Пока я приводил старика в порядок, мать подавала нам на стол. Отец приходил из кузни и мы ещё долго продолжали разговор.

Жил Куделица у младшей дочери. Внуки не отличались почтением к старику. Поэтому он нередко ходил по деревне с ночлегами. Как-то мать мне и говорит: "Он же приносит мне муку и я пеку ему хлеб. Внуки даже кружку чая ему не дают согреть", И тут она рассказала случай, когда Куделица ушёл осенью на кладбище помирать "Нашли его под сосной, задубевшего и голодного. А нашла Серафима Лахмоткина, корову искала. Поехали на телеге, да привезли в деревню".

Ничего я не сказал матери на этот раз. Уехал и написал письмо по нужному адресу. Приехал снова в деревню, Куделица также бедствует. Я уехал и повторил свою депешу в край Кокареву.

Значительно позже я приехал домой: "Мама, ну как с Куделицей?" — "А не говори сын, недели через две, как ты уехал, за ним приехали, стали забирать в дом престарелых. Так он плакал, не хотел уезжать". Плакал старик и тогда, когда дочери приехали его попроведовать. И обед сытный, и постель чистая, и тепло. Но не прельщал старика чужой дом. Плакал, хотелось в деревню.

Может быть, прочтут внуки Куделицы и поймут, что рассказ этот о старике, фамилия которого изменена. Может быть, хоть теперь стыдно станет. Да, может быть, хоть перед памятью деда хватит мужества сказать самому себе: "Прости, дед".


ШИП
Видеть этого старика мне в жизни никогда не приходилось, И пишу я о нем из рассказа своей матери, Примерно вот так она рассказала о Шипе.

"Кто его знает, откуда он приехал в нашу деревню. Сначала он жил у Лузяниных. А когда их забрали дети, Шип остался в их избе. Но кому-то она понадобилась. Избу разобрали и увезли. Больной, немощный старик перешёл в коровник. Подмазал щели коровяком, поставил железную печку и перешёл, теперь уже в собственный дом. В нём старик и встретил суровую зиму. Иногда к нему заглядывали проезжие аржавцы. Они сено возили с Лермонтово. Получал он пенсию и как-то питался. Приносили ему продукты из деревни.

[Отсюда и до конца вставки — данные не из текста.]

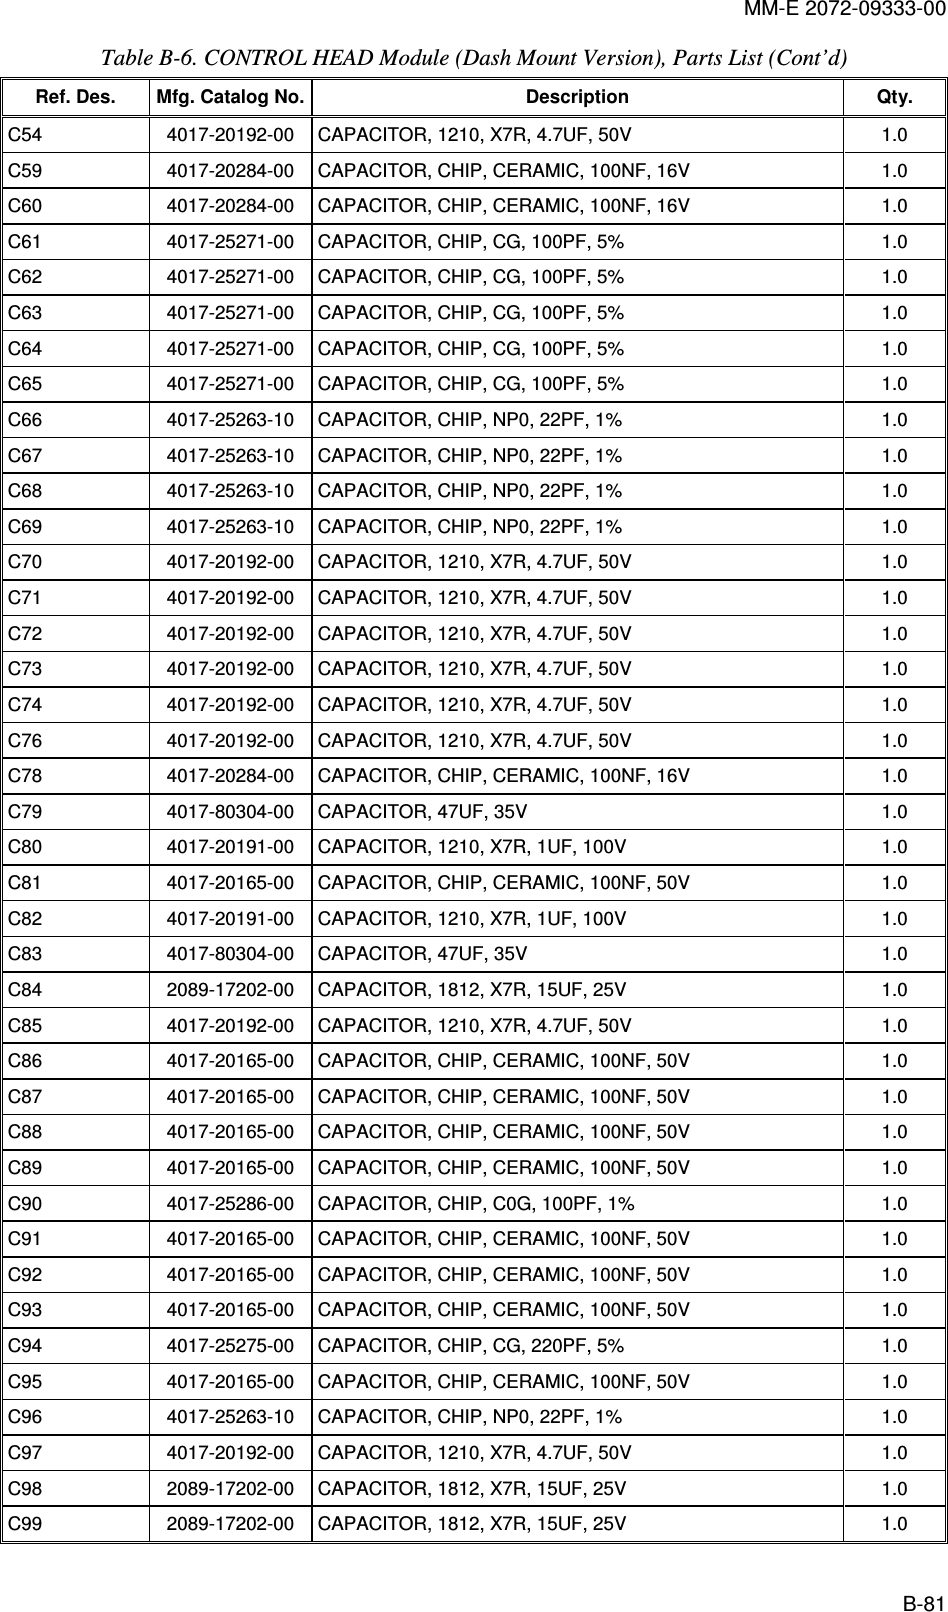 MM-E 2072-09333-00 B-81 Table  B-6. CONTROL HEAD Module (Dash Mount Version), Parts List (Cont’d)  Ref. Des.  Mfg. Catalog No. Description  Qty. C54   4017-20192-00   CAPACITOR, 1210, X7R, 4.7UF, 50V  1.0  C59   4017-20284-00   CAPACITOR, CHIP, CERAMIC, 100NF, 16V  1.0  C60   4017-20284-00   CAPACITOR, CHIP, CERAMIC, 100NF, 16V  1.0  C61   4017-25271-00   CAPACITOR, CHIP, CG, 100PF, 5%  1.0  C62   4017-25271-00   CAPACITOR, CHIP, CG, 100PF, 5%  1.0  C63   4017-25271-00   CAPACITOR, CHIP, CG, 100PF, 5%  1.0  C64   4017-25271-00   CAPACITOR, CHIP, CG, 100PF, 5%  1.0  C65   4017-25271-00   CAPACITOR, CHIP, CG, 100PF, 5%  1.0  C66   4017-25263-10   CAPACITOR, CHIP, NP0, 22PF, 1%  1.0  C67   4017-25263-10   CAPACITOR, CHIP, NP0, 22PF, 1%  1.0  C68   4017-25263-10   CAPACITOR, CHIP, NP0, 22PF, 1%  1.0  C69   4017-25263-10   CAPACITOR, CHIP, NP0, 22PF, 1%  1.0  C70   4017-20192-00   CAPACITOR, 1210, X7R, 4.7UF, 50V  1.0  C71   4017-20192-00   CAPACITOR, 1210, X7R, 4.7UF, 50V  1.0  C72   4017-20192-00   CAPACITOR, 1210, X7R, 4.7UF, 50V  1.0  C73   4017-20192-00   CAPACITOR, 1210, X7R, 4.7UF, 50V  1.0  C74   4017-20192-00   CAPACITOR, 1210, X7R, 4.7UF, 50V  1.0  C76   4017-20192-00   CAPACITOR, 1210, X7R, 4.7UF, 50V  1.0  C78   4017-20284-00   CAPACITOR, CHIP, CERAMIC, 100NF, 16V  1.0  C79   4017-80304-00   CAPACITOR, 47UF, 35V  1.0  C80   4017-20191-00   CAPACITOR, 1210, X7R, 1UF, 100V  1.0  C81   4017-20165-00   CAPACITOR, CHIP, CERAMIC, 100NF, 50V  1.0  C82   4017-20191-00   CAPACITOR, 1210, X7R, 1UF, 100V  1.0  C83   4017-80304-00   CAPACITOR, 47UF, 35V  1.0  C84   2089-17202-00   CAPACITOR, 1812, X7R, 15UF, 25V  1.0  C85   4017-20192-00   CAPACITOR, 1210, X7R, 4.7UF, 50V  1.0  C86   4017-20165-00   CAPACITOR, CHIP, CERAMIC, 100NF, 50V  1.0  C87   4017-20165-00   CAPACITOR, CHIP, CERAMIC, 100NF, 50V  1.0  C88   4017-20165-00   CAPACITOR, CHIP, CERAMIC, 100NF, 50V  1.0  C89   4017-20165-00   CAPACITOR, CHIP, CERAMIC, 100NF, 50V  1.0  C90   4017-25286-00   CAPACITOR, CHIP, C0G, 100PF, 1%  1.0  C91   4017-20165-00   CAPACITOR, CHIP, CERAMIC, 100NF, 50V  1.0  C92   4017-20165-00   CAPACITOR, CHIP, CERAMIC, 100NF, 50V  1.0  C93   4017-20165-00   CAPACITOR, CHIP, CERAMIC, 100NF, 50V  1.0  C94   4017-25275-00   CAPACITOR, CHIP, CG, 220PF, 5%  1.0  C95   4017-20165-00   CAPACITOR, CHIP, CERAMIC, 100NF, 50V  1.0  C96   4017-25263-10   CAPACITOR, CHIP, NP0, 22PF, 1%  1.0  C97   4017-20192-00   CAPACITOR, 1210, X7R, 4.7UF, 50V  1.0  C98   2089-17202-00   CAPACITOR, 1812, X7R, 15UF, 25V  1.0  C99   2089-17202-00   CAPACITOR, 1812, X7R, 15UF, 25V  1.0

Но однажды старика нашли мёртвым Лицо, изъеденное мышами, делало его неузнаваемым. "Батька (то есть отец мой) сделал с мужиками гроб, другие выкопали могилу. Я принесла старенькое, но чистое батькино белье, бабы помыли его, одели в белье, положили в гроб и похоронили".
Выпили ли мужики стопку за упокой усопшего, я не знаю. Но кончина Шипа меня заставила задуматься. Почему же так горька бывает старость человеческая? Почему же человек так бесславно, так безвестно, не по-человечески порой уходит из жизни? Кто виноват, сам он, или люди, окружающие его? А, может быть, все мы вместе? И, прежде всего, потому, что теряем человеческое в человеке, не задумываясь, что самое дорогое не горы богатства, не сытость желудка, а щедрость сердца человеческого, тепло общения. Вот теперь новые русские сооружают своим собратьям такие памятники, такие склепы, словно живым, и извека, что не поклонение вызывают в душах, а мысли иного порядка. А как жил ты среди людей, скольких ограбил и лишил куска хлеба? А ведь каждому из нас памятник воссоздается для того, чтобы поклониться и сказать: "земля тебе пухом".


ФРОСЯ
Её образ, образ обиженной богом и людьми, стоит перед моим взором и сейчас. Небольшая женщина, возрастом за пятьдесят, ходила по деревням, просила милостыню и теплый угол в избе, чтобы переночевать. Никто ей не отказывал ни в куске хлеба ни в ночлеге.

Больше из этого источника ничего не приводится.